◆ Data section ◆
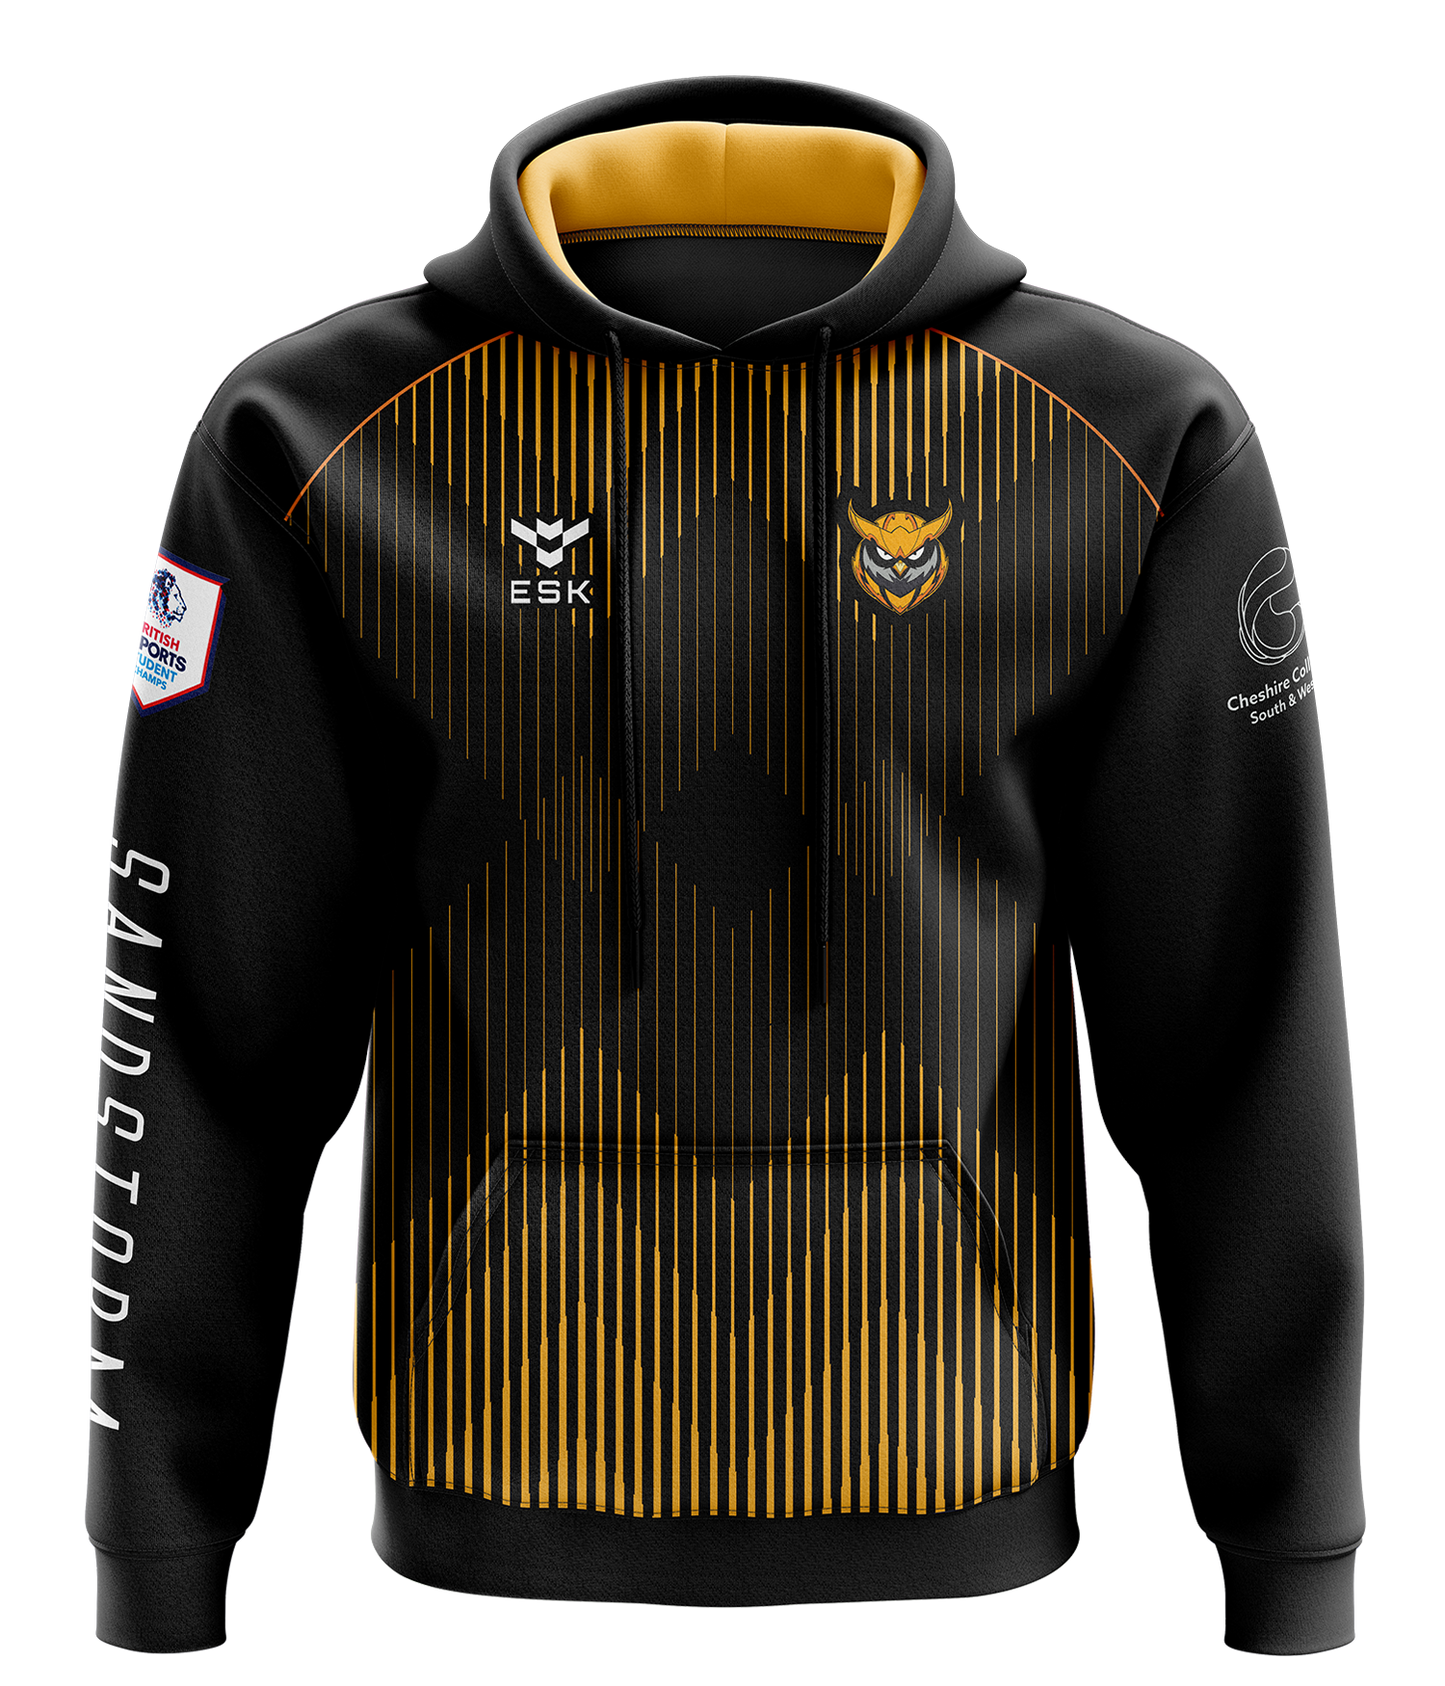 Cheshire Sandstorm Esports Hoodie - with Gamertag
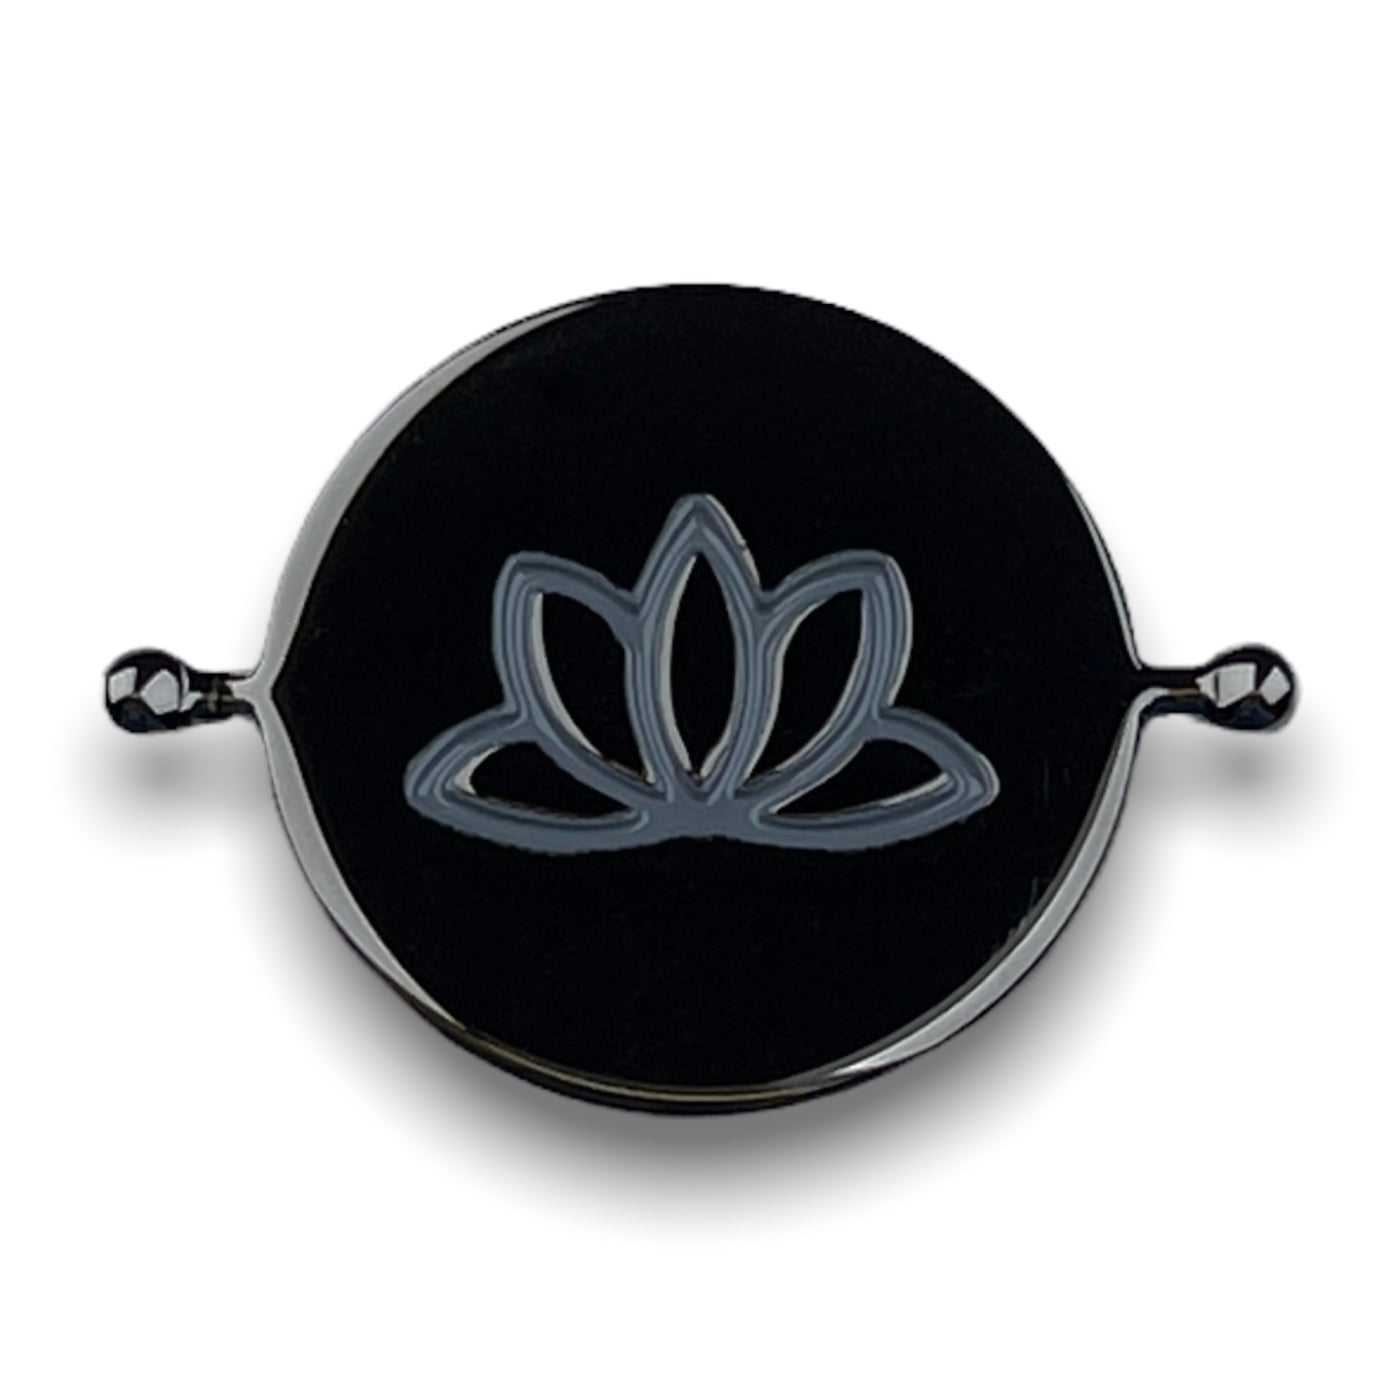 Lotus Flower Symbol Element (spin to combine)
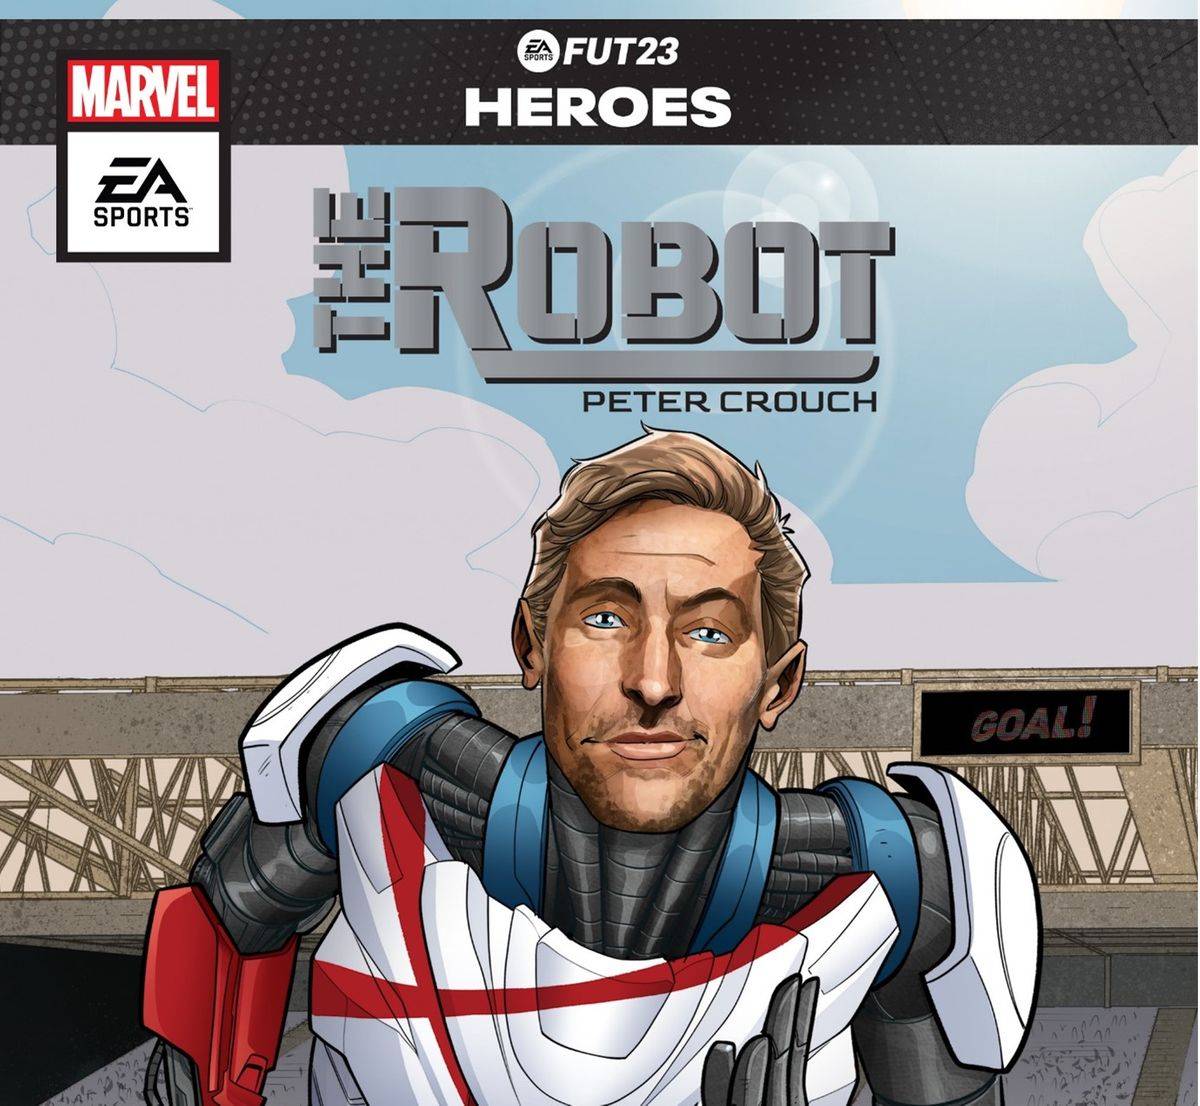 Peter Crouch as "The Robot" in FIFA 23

◆ Exercise instructions ◆
Pictures stay out; everything else in the listing above gets restated word for word.

◆ Finished exercise ◆
 Cheshire Sandstorm Esports Hoodie - with Gamertag
 Lotus Flower Symbol Element (spin to combine)
 Peter Crouch as "The Robot" in FIFA 23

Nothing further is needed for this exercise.